Bowser Players: 0.11% Power Level: 0.70

Also, for reference here is the All-Characters Matchup chart, created by Phanna (Thanks a bunch to Phanna for permission to use)

I think some slight changes may need to be made, but I'm going to go ahead and use the un-altered chart for the first run through the program. If something upsets you on this chart and you want it changed permanantly, here's the link to Phanna's Thread: http://smashboards.com/showthread.php?t=92025

sonicPearltsl25 · Mar 27, 2007

woah...this sounds really cool....and ide like to see it all worked out and everything

idk how you came up with those formulas and stuff though.....props

tarheeljks · Mar 27, 2007

What is exactly is S and how do you plan to observe T? Something similar to this was discussed w/n the matchup chart. I like the idea in theory but I'm not sure how you will get your hands on the data necessary to "test" the model.

Zankoku · Mar 27, 2007

The idea sounds interesting, though the two equations seem to be rather recursive. I'd like to know how you get out of the loop.

The source of data will be major tournament brackets, I'm guessing?

quak · Mar 27, 2007

i suggest that you hang on ur time instead, while it is a good idea, people just really won't care, and will still refer to the tier list that is currently used.

Mogwai · Mar 27, 2007

tarheeljks said:
What is exactly is S and how do you plan to observe T? Something similar to this was discussed w/n the matchup chart. I like the idea in theory but I'm not sure how you will get your hands on the data necessary to "test" the model.

S in the first formula would normally be a sigma, but seeing as how I don't know to make such a thing on the boards, I did what I could. That function is just the sum of all the matchups * the number of times they would expect to see that matchup. T is just going to be a set number, I'm not going to be basing this off of the world as we know it, I will be setting up an easily observed world of say, 10000 smashers or so.

Ankoku said:
The idea sounds interesting, though the two equations seem to be rather recursive. I'd like to know how you get out of the loop.

The source of data will be major tournament brackets, I'm guessing?

Well, it is recursive, the idea is that after a certain number of iterations you would reach a stable number of each characters that would result in the optimal tier list and power rankings.

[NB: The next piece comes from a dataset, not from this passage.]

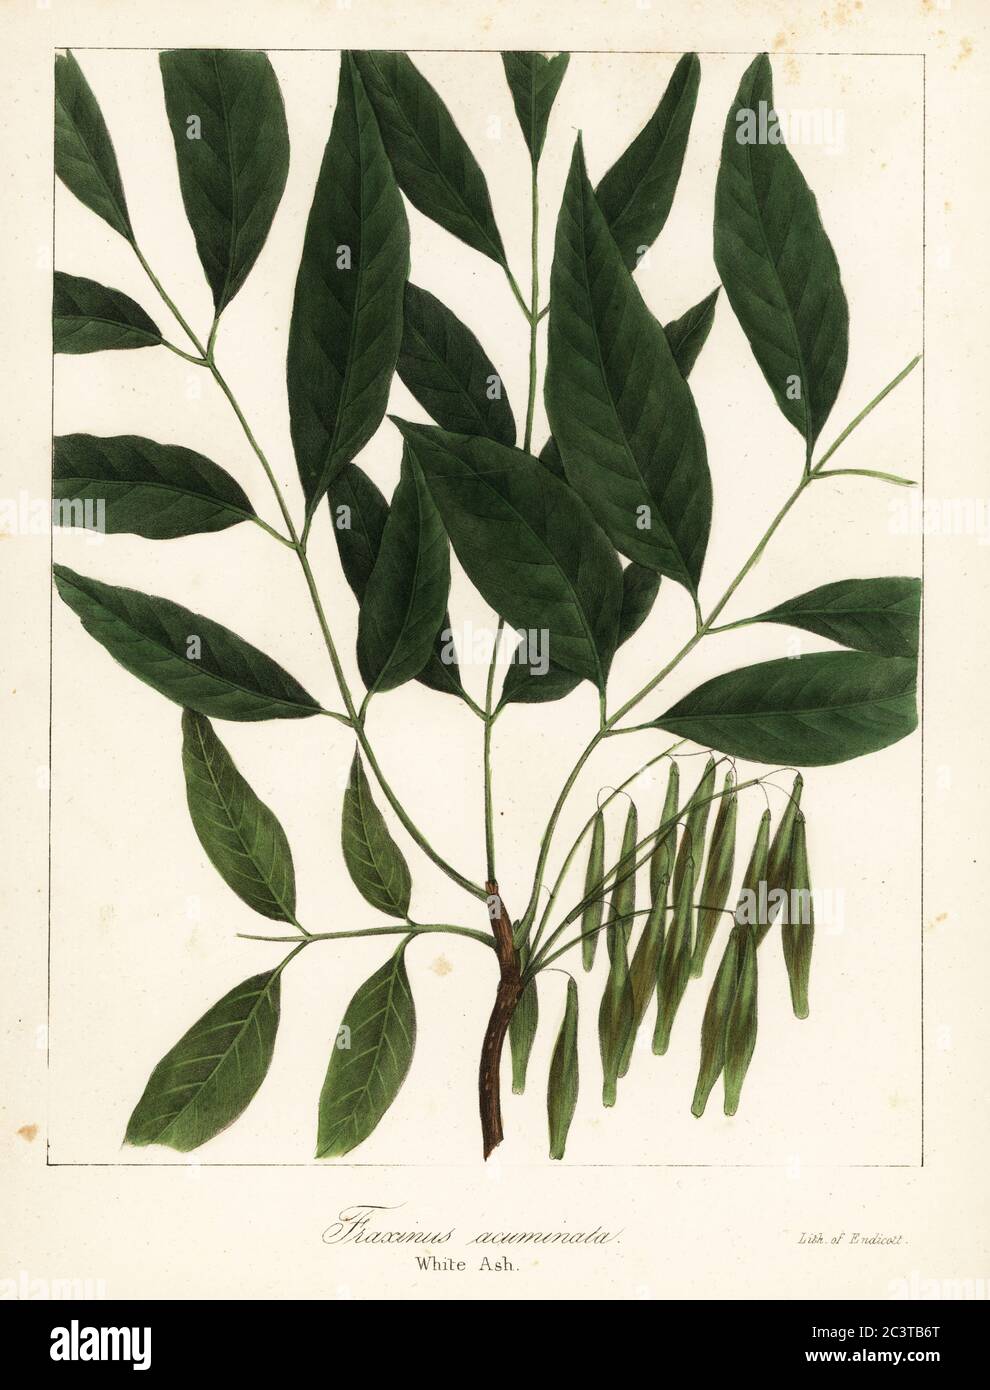 American ash, Fraxinus americana (White ash, Fraxinus acuminata). Critically endangered. Handcoloured lithograph by Endicott after a botanical illustration from John Torrey’s A Flora of the State of New York, Carroll and Cook, Albany, 1843. The plates drawn by John Torrey, Agnes Mitchell, Elizabeth Paoley and Swinton. John Torrey was an American botanist, chemist and physician 1796-1873. Stock Photo

As I first stated, I would use the Phanna chart as the source for character matchups, if you have beef with a rating, we can alter rating as necessary in this thread to make people as happy as possible with the matchups.

quak said:
i suggest that you hang on ur time instead, while it is a good idea, people just really won't care, and will still refer to the tier list that is currently used.

Meh, it actually won't be too hard to do at all, and honestly, as long as just 1 other person on the boards cares about it, I figure it's worth posting. Mostly I wanted to hear whether people thought the general process in this calculation was OK or if major changes needed to be made before I go ahead and do it.

MARIOWNAGE · Mar 28, 2007

Protip: you're spelling tier wrong

Mogwai · Mar 28, 2007

MARIOWNAGE said:
Protip: you're spelling tier wrong

Point well taken. . . Silly, "'i' before 'e' except after 'c'" rule. Guess I should've payed more attention in elementary school. I've fixed it in all my posts, but I can't fix it in the tread title, drat.

D20 · Mar 28, 2007

Wesley, this sounds like it's something out of NUMB3RS (that TV show that I always miss because of Super Smash Fridays). If anyone has ever seen that show, then they would know that mathematics can solve any crime, bring about world peace, and create an accurate tier list. I'd like to see you run with this, and I'd be glad to help you out if you needed it.

*Thumbs up*

KevinM · Mar 28, 2007

Yea wes i wouldn't mind helping you with this at all its a really cool project

Linkster47 · Mar 28, 2007

This looks awesome, and I'm glad to know Link isn't the worst character! I'm willing to help if you need anything.

Mogwai · Mar 28, 2007

KevinM said:
Yea wes i wouldn't mind helping you with this at all its a really cool project

Linkster47 said:
This looks awesome, and I'm glad to know Link isn't the worst character! I'm willing to help if you need anything.

D20 said:
Wesley, this sounds like it's something out of NUMB3RS (that TV show that I always miss because of Super Smash Fridays). If anyone has ever seen that show, then they would know that mathematics can solve any crime, bring about world peace, and create an accurate tier list. I'd like to see you run with this, and I'd be glad to help you out if you needed it.

*Thumbs up*

Thanks for the positive feedback guys. Currently, I don't think I'll need any help unless you see something that looks fishy in the process I'll be using.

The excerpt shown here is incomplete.